*** Opening Given information ***

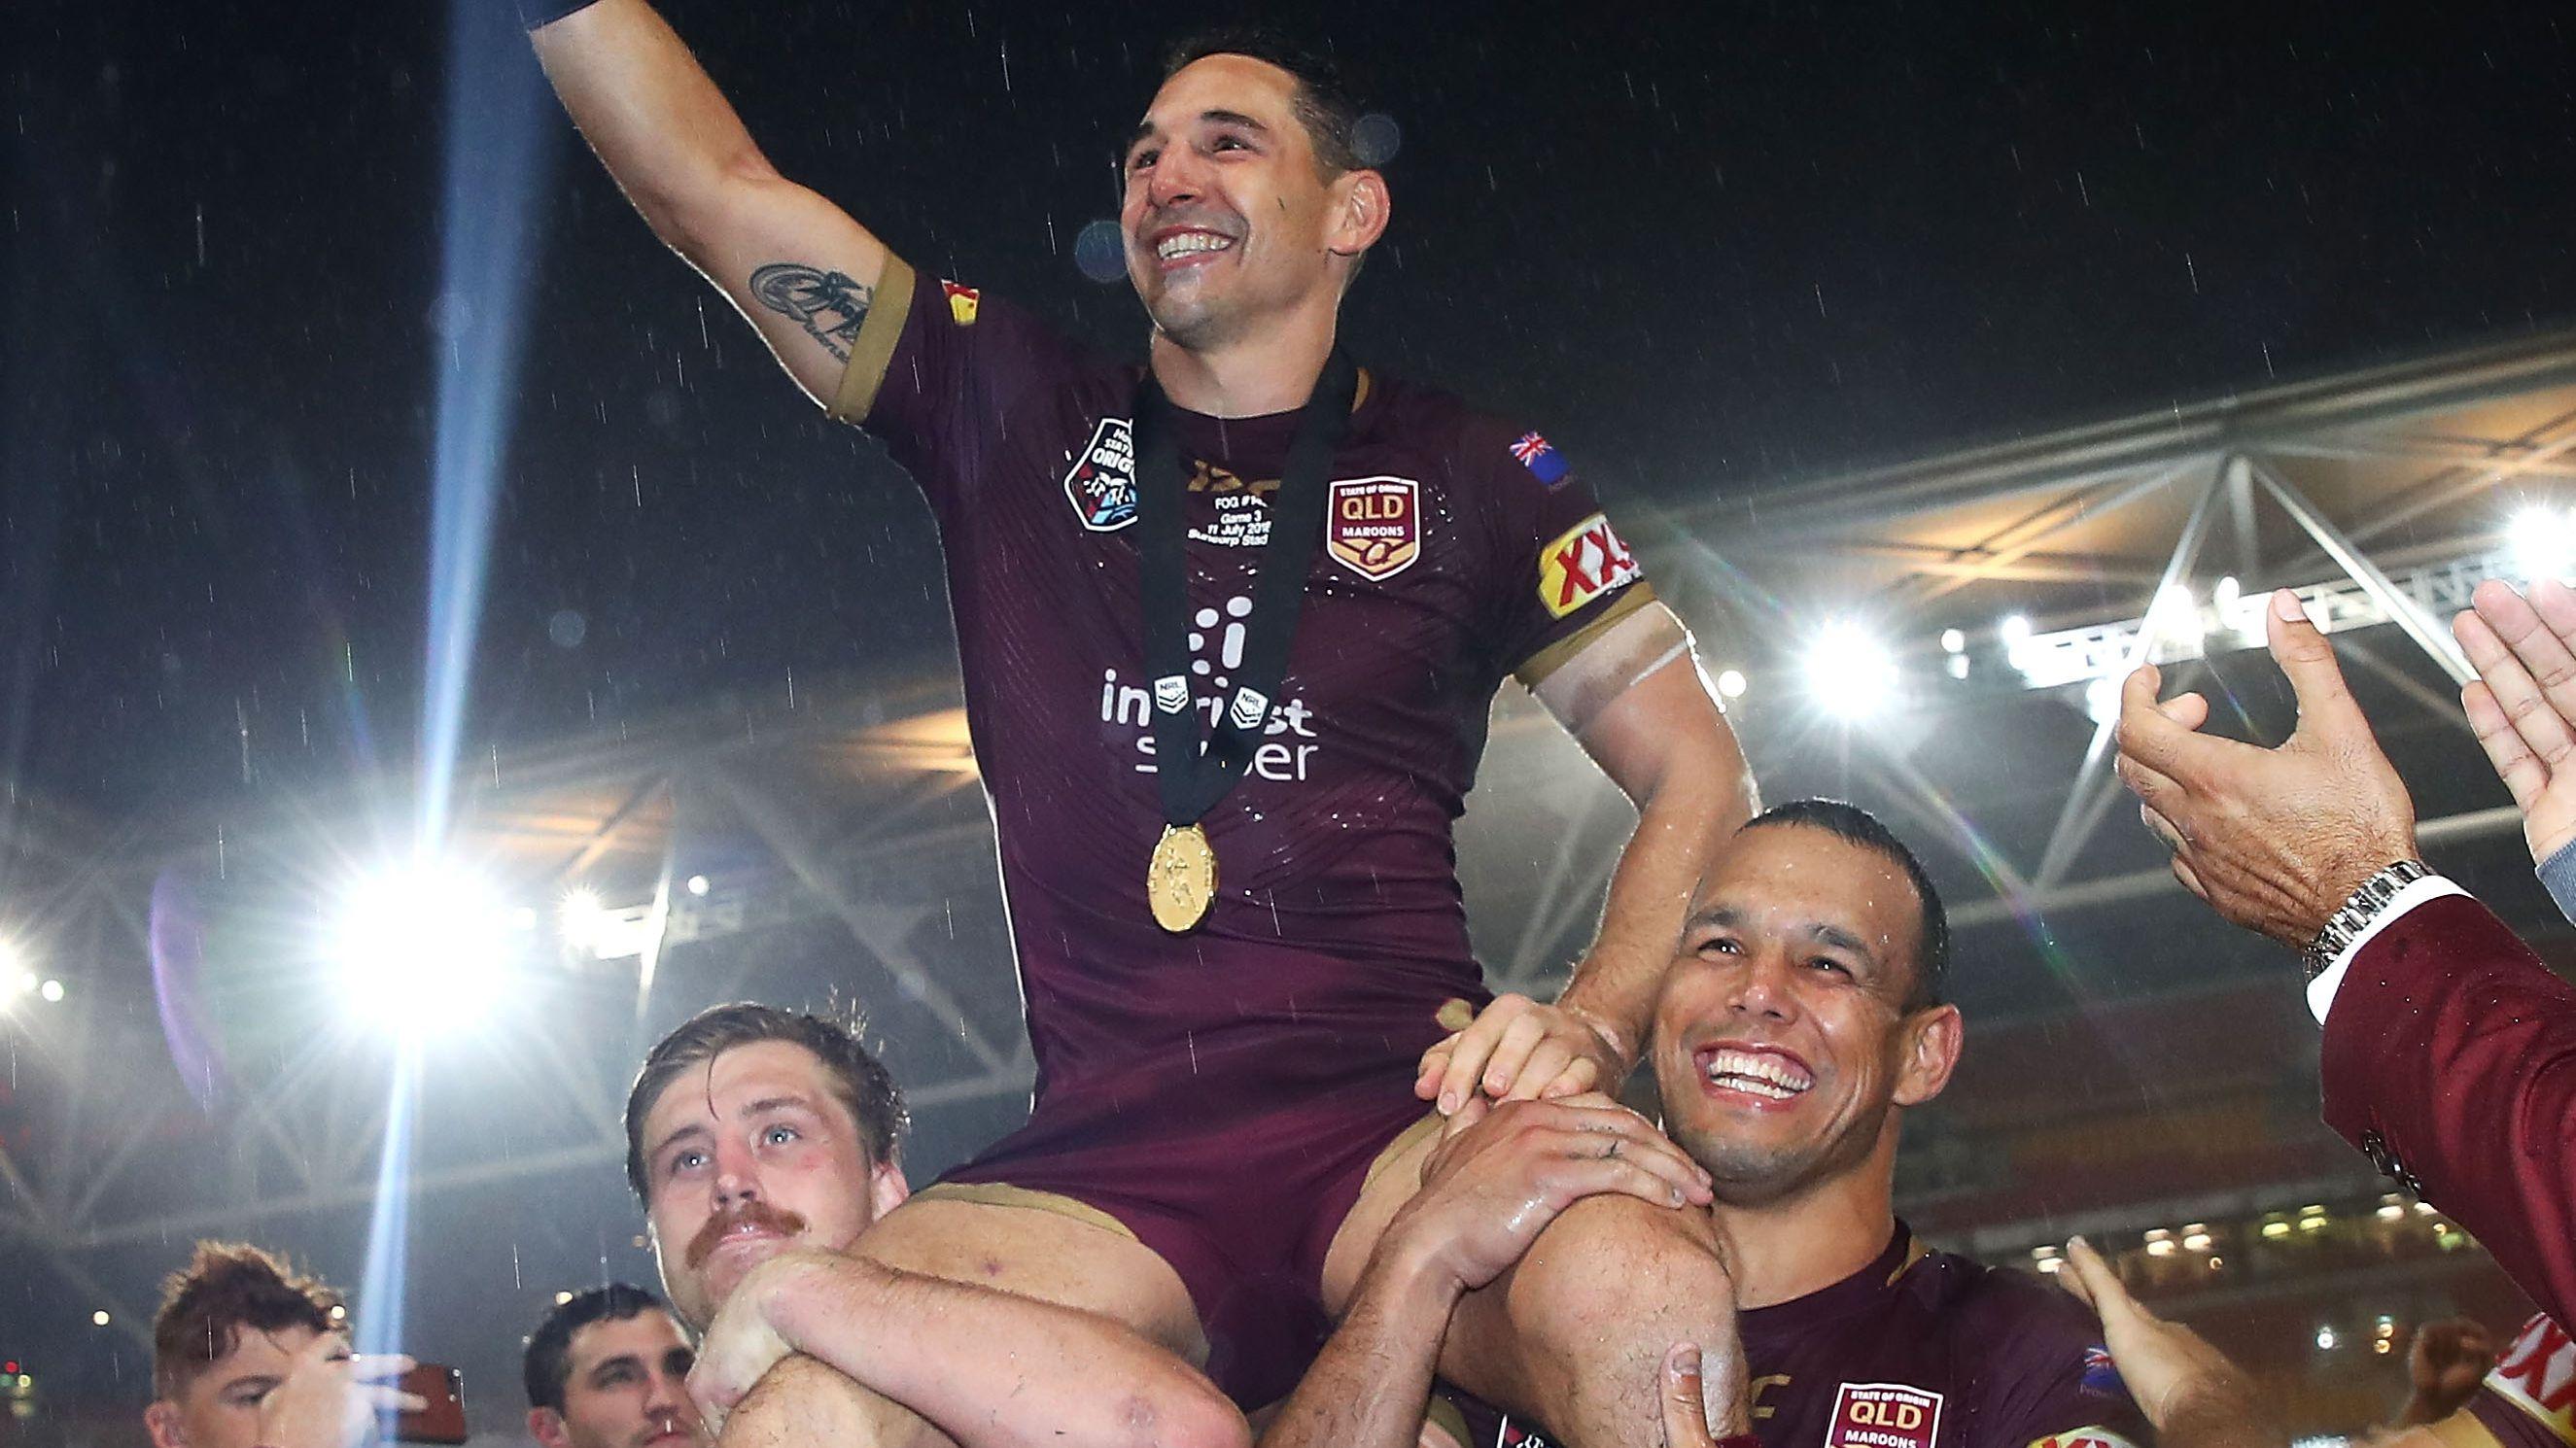 State of Origin legend Billy Slater named new Queensland Maroons coach
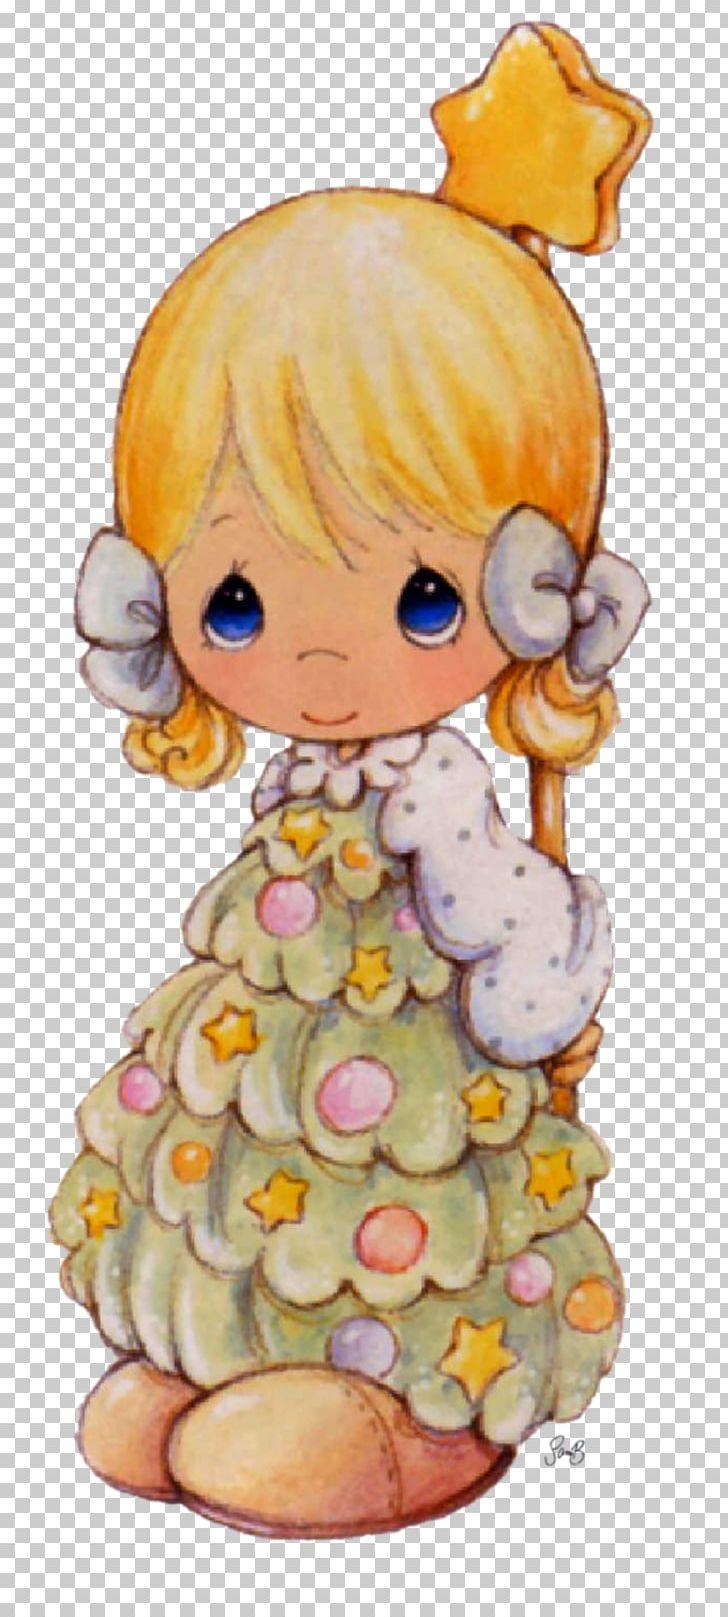 Precious Moments Christmas Precious Moments Png Clipart Art Child Christmas Christmas Card Christmas Tree Free Png
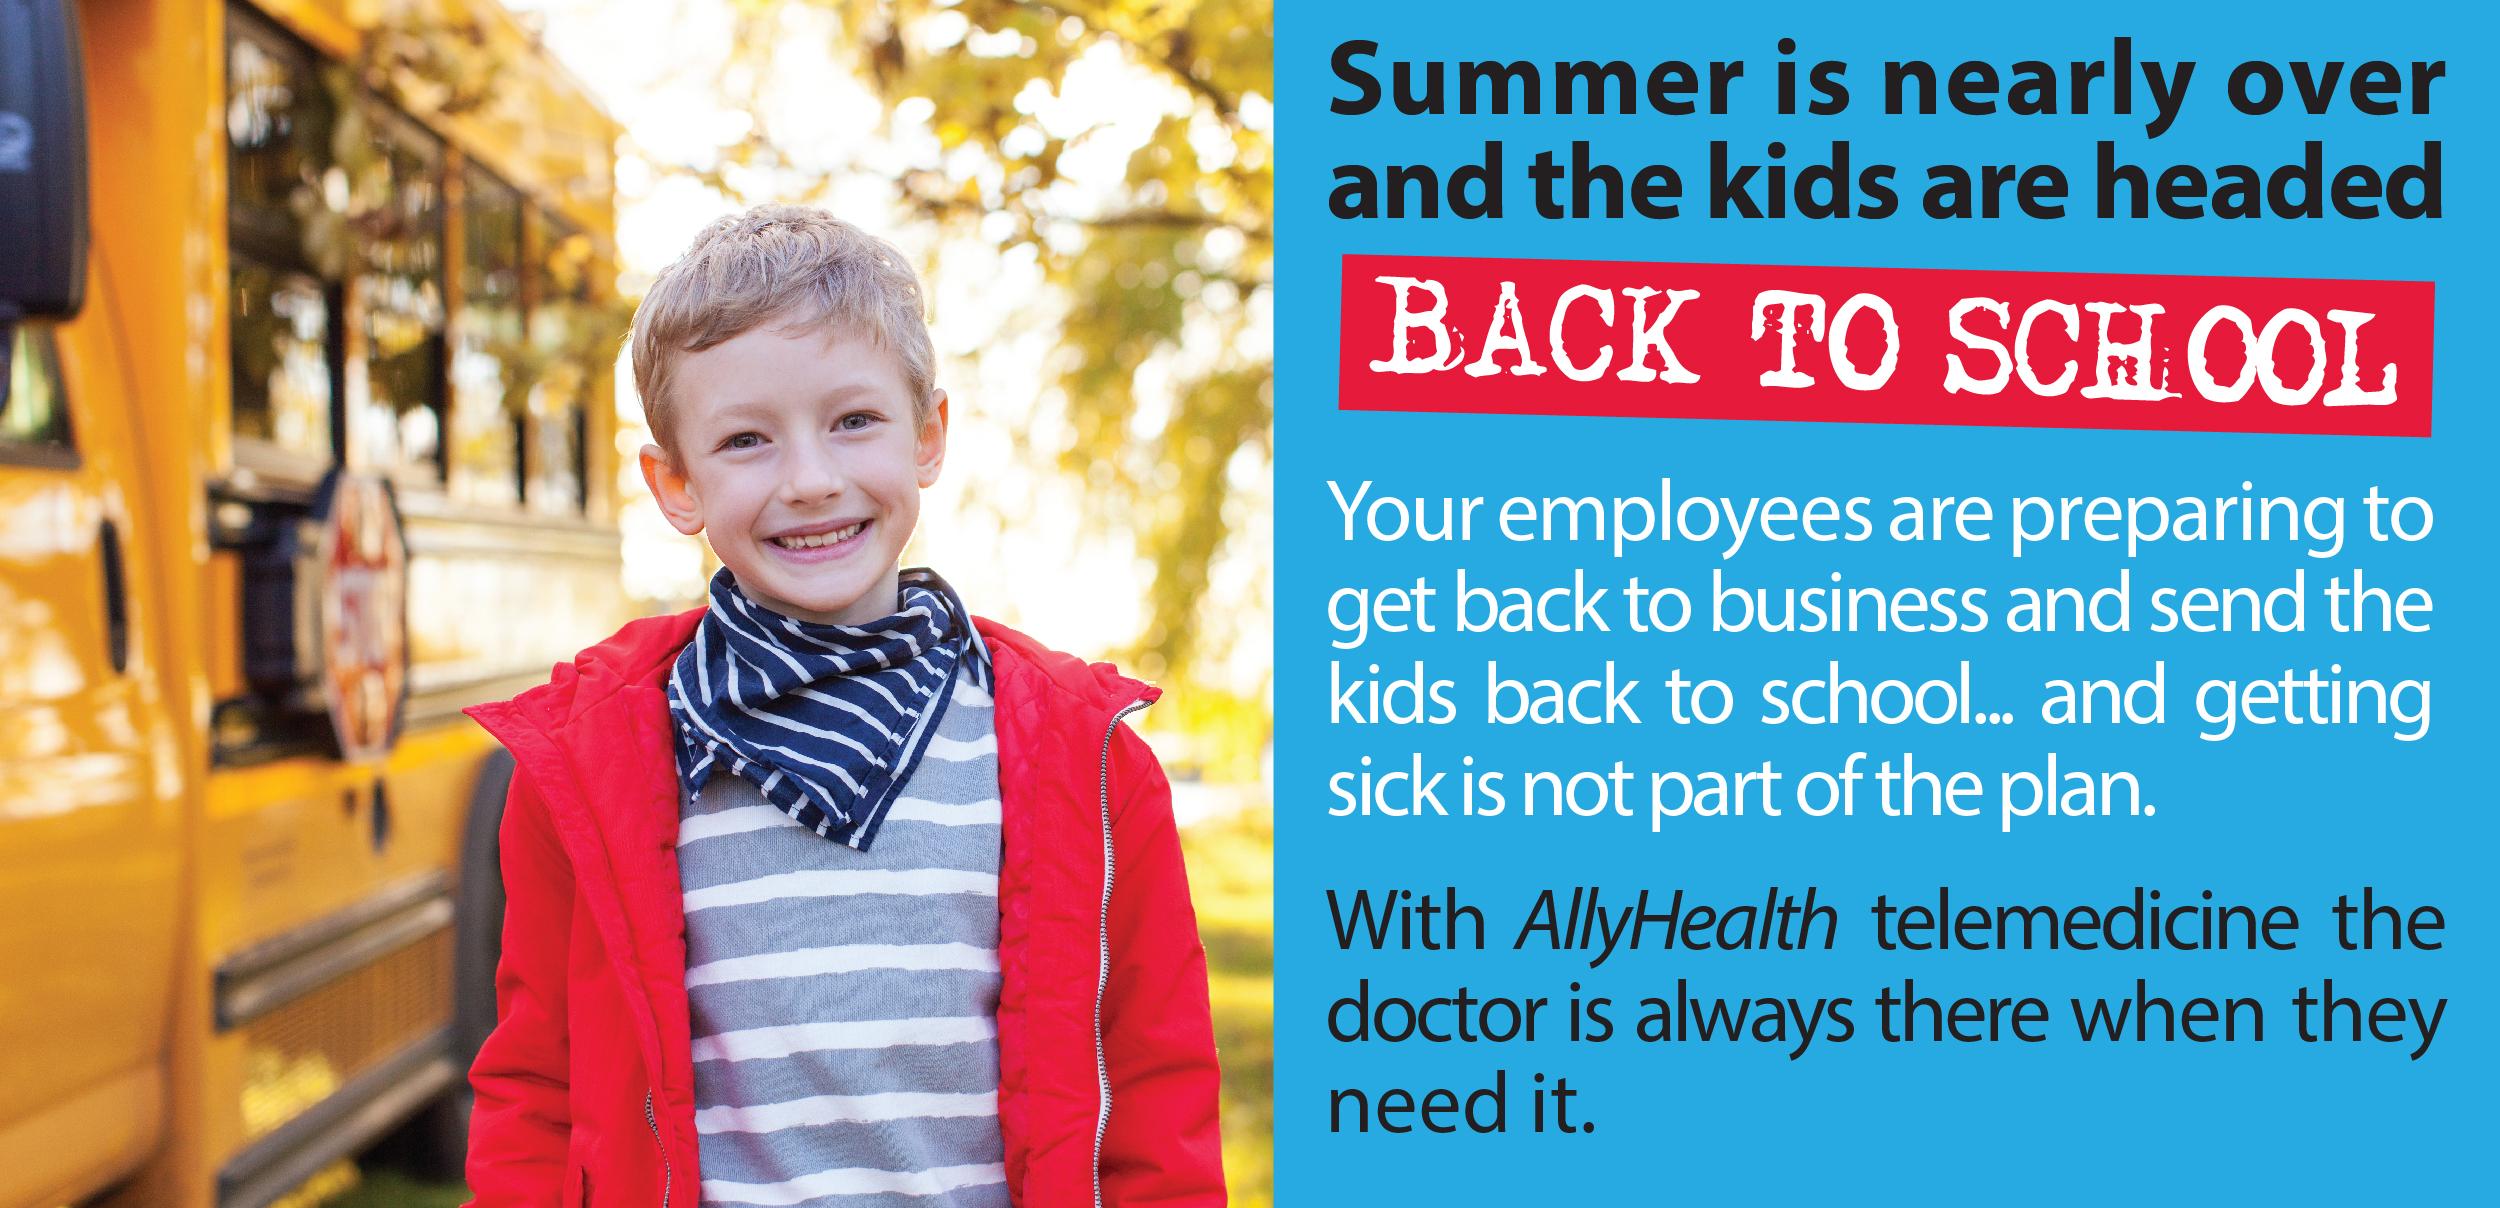 AllyHealth back to school image

*** Closing Given information ***

▶ _Instructions to follow_
Repeat the listing exactly, minus its pictures.

▶ _Solved problem_
 State of Origin legend Billy Slater named new Queensland Maroons coach
 Precious Moments Christmas Precious Moments Png Clipart Art Child Christmas Christmas Card Christmas Tree Free Png
 AllyHealth back to school image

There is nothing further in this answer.